What surprised me is that this is no longer just a “tool-level” issue. A year ago, if you wanted a loop, you had to write a large amount of bash scripts and maintain them forever. That was your own thing, and only yours. Now, these components are built directly into the products. The capabilities Steinberger listed can almost be mapped one-to-one to Codex applications, and just as easily to Claude Code. Once you realize their form is the same, you’ll stop worrying about which tool to use and instead focus on designing a loop: no matter which tool you’re sitting in, it will keep running.

Five components, along with some explanations

A loop requires five things, plus a place to store information. I'll list them first, then match each one.

First, Automations: Triggered on a schedule to automatically discover and route tasks.

Second, Worktrees: Prevent two parallel agents from overwriting each other’s files.

Third, Skills: Document the project knowledge to avoid having the agent guess each time.

Fourth, Plugins and Connectors: Enable the agent to integrate with tools you are already using.

Fifth, sub-agents: one responsible for proposing solutions, and another for reviewing them.

Then there’s the sixth thing: memory. It can be a Markdown file, a Linear board, or any standalone system that persists “completed tasks” and “next steps” beyond a single conversation. It may sound too simple to matter, but this is the exact same technique every long-running agent relies on. I’ve written about this in detail in the context of long-running agents: models forget between runs, so memory must be stored on disk, not in context. The agent forgets—but the code repository doesn’t.

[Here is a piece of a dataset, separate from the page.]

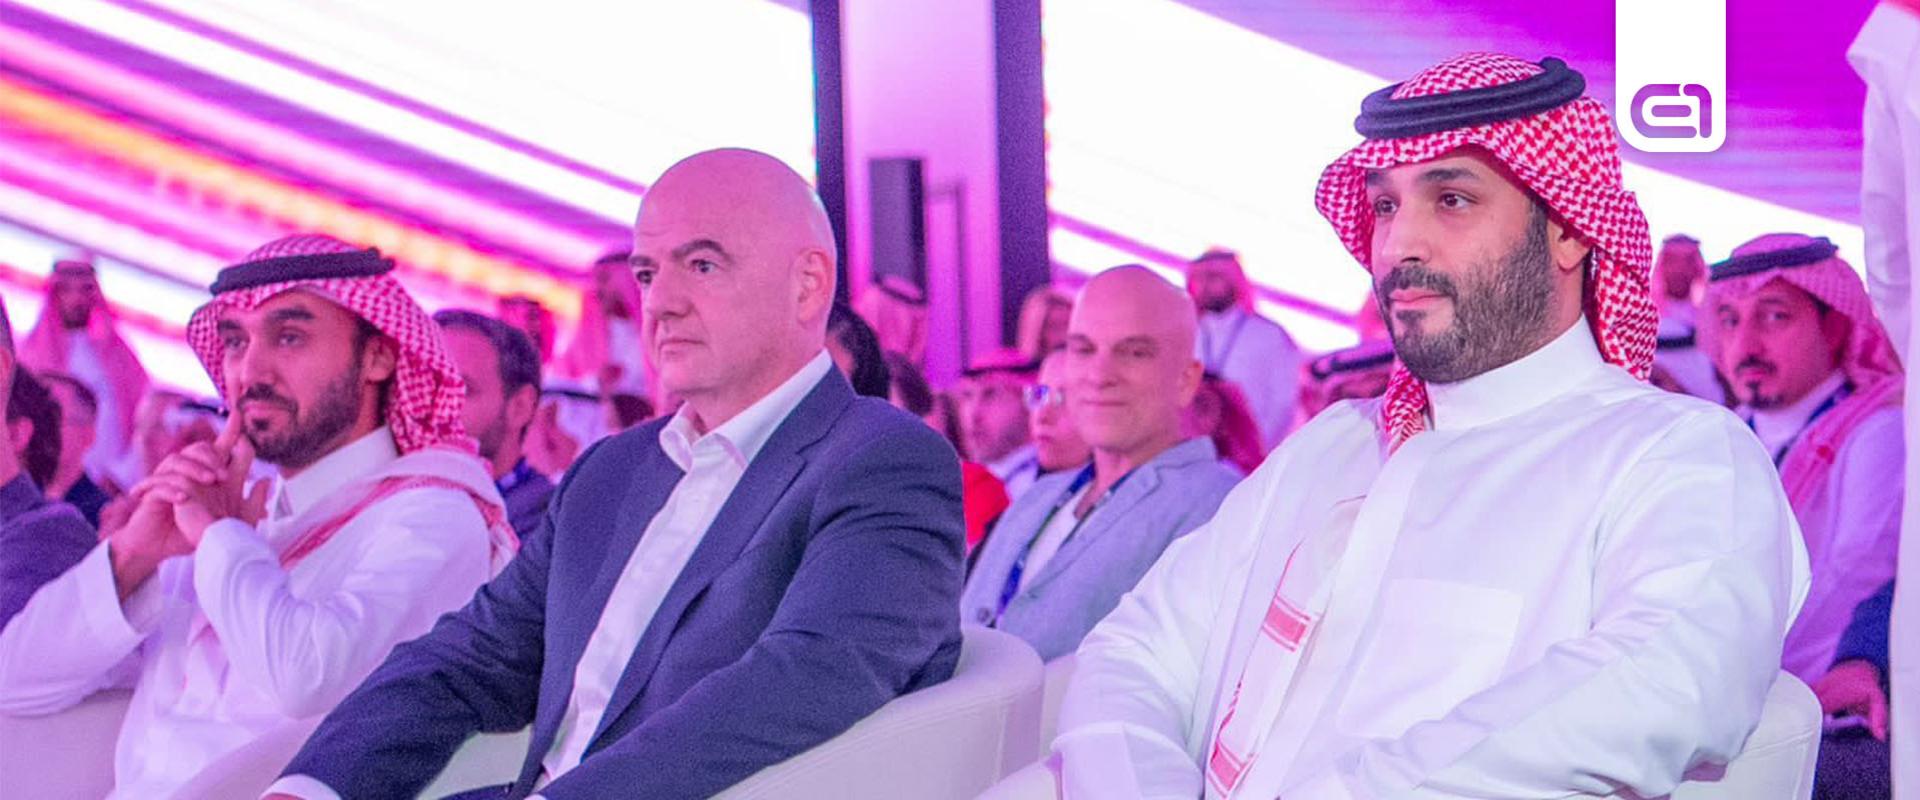 Új e-sport világbajnokságot jelentett be a szaúdi koronaherceg

Now, both products have all five components.

They may have different names in some places, but their capabilities are essentially the same. I’ll go through them one by one, because honestly, whether a loop runs stably or quietly leaks everywhere comes down to the details.

Automations: This is the heartbeat of the loop

Automations are what make a loop truly a loop, rather than a one-time task you ran manually once. In the Codex app, you can create an automation under the Automations tab by selecting a project, the prompt it should run, its frequency, and whether it runs in your local checkout or in a background worktree. Results that identify issues are routed to the Triage inbox, while runs without issues are automatically archived—this is great. OpenAI itself uses it for dull but necessary tasks like daily issue triage, summarizing CI failures, writing commit briefs, and tracking bugs introduced last week. Automations can also invoke skills, so you can keep recurring tasks maintainable: trigger $skill-name instead of pasting a wall of instructions into a scheduled task no one will ever update.

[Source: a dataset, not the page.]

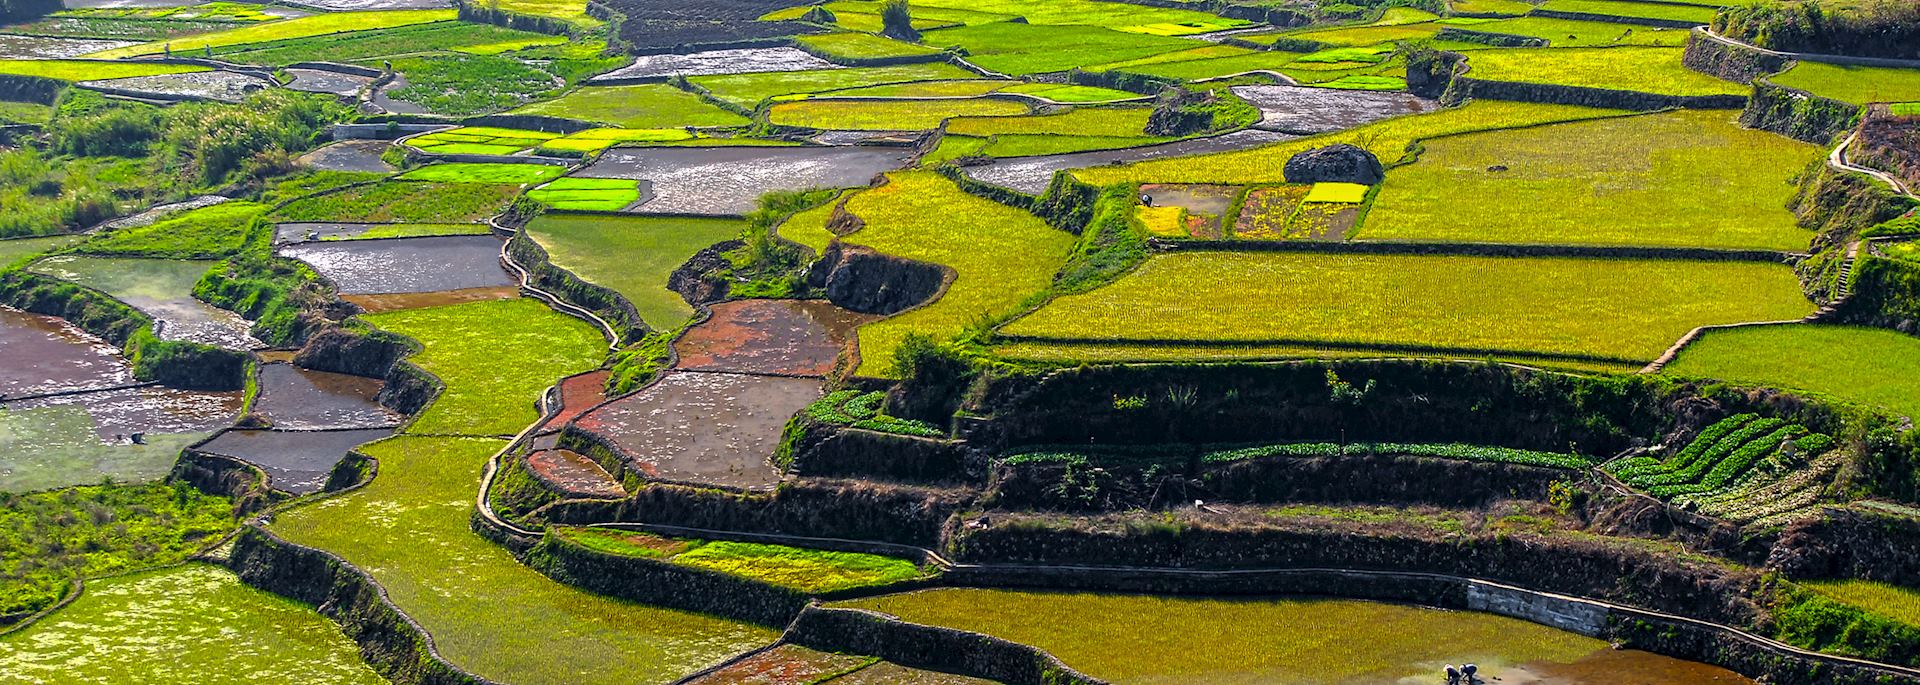 Rice terraces at Sagada

Claude Code can achieve the same effect, just through a different path: it uses scheduling and hooks. You can run a prompt or command at fixed intervals using /loop, schedule a cron job, or trigger shell commands via hooks at specific points in the agent’s lifecycle. If you want it to continue running after you close your laptop, you can also deploy the entire setup to GitHub Actions. The core idea is identical: you define an autonomous task, give it a rhythm, and let the results come to you rather than having to check everywhere yourself.

Another primitive worth understanding, which gets closer to the core topic of this article, is /loop, which runs repeatedly at a steady rhythm; and /goal, which continues executing until a condition you specify is truly met. After each round, a separate small model evaluates whether the task is complete, so the agent writing the code is not the one scoring itself. You can give it a condition such as “all tests in test/auth pass and lint is clean,” then walk away. Codex has the same capability, also called /goal. It works across rounds until a verifiable stopping condition is met, and supports pausing, resuming, and clearing. The same primitive exists in both tools. This is essentially the recurring pattern in this article.

So, Automations bring the work to the surface, while the rest of the loop handles that work.

Worktrees: Keep parallel workflows organized, not chaotic

Once you run more than one agent, file conflicts become a point of failure. Two agents writing to the same file simultaneously is as problematic as two engineers modifying the same line of code without communication. Git worktree can solve this issue. It is a separate working directory on an independent branch but shares the same repository history, so one agent’s changes cannot physically interfere with another agent’s checkout.

Codex has built-in worktree support, so multiple threads can simultaneously process the same repository without interfering with each other. Claude Code can achieve the same isolation via git worktree: you can open a session in a separate checkout using the --worktree flag, or set isolation: worktree on subagents to give each assistant a fresh checkout that is automatically cleaned up afterward. I’ve written about the human side of this in The Orchestration Tax: worktrees eliminate mechanical conflicts, but you are still the bottleneck. What truly determines how many agents you can run simultaneously isn’t the tool—it’s your review bandwidth.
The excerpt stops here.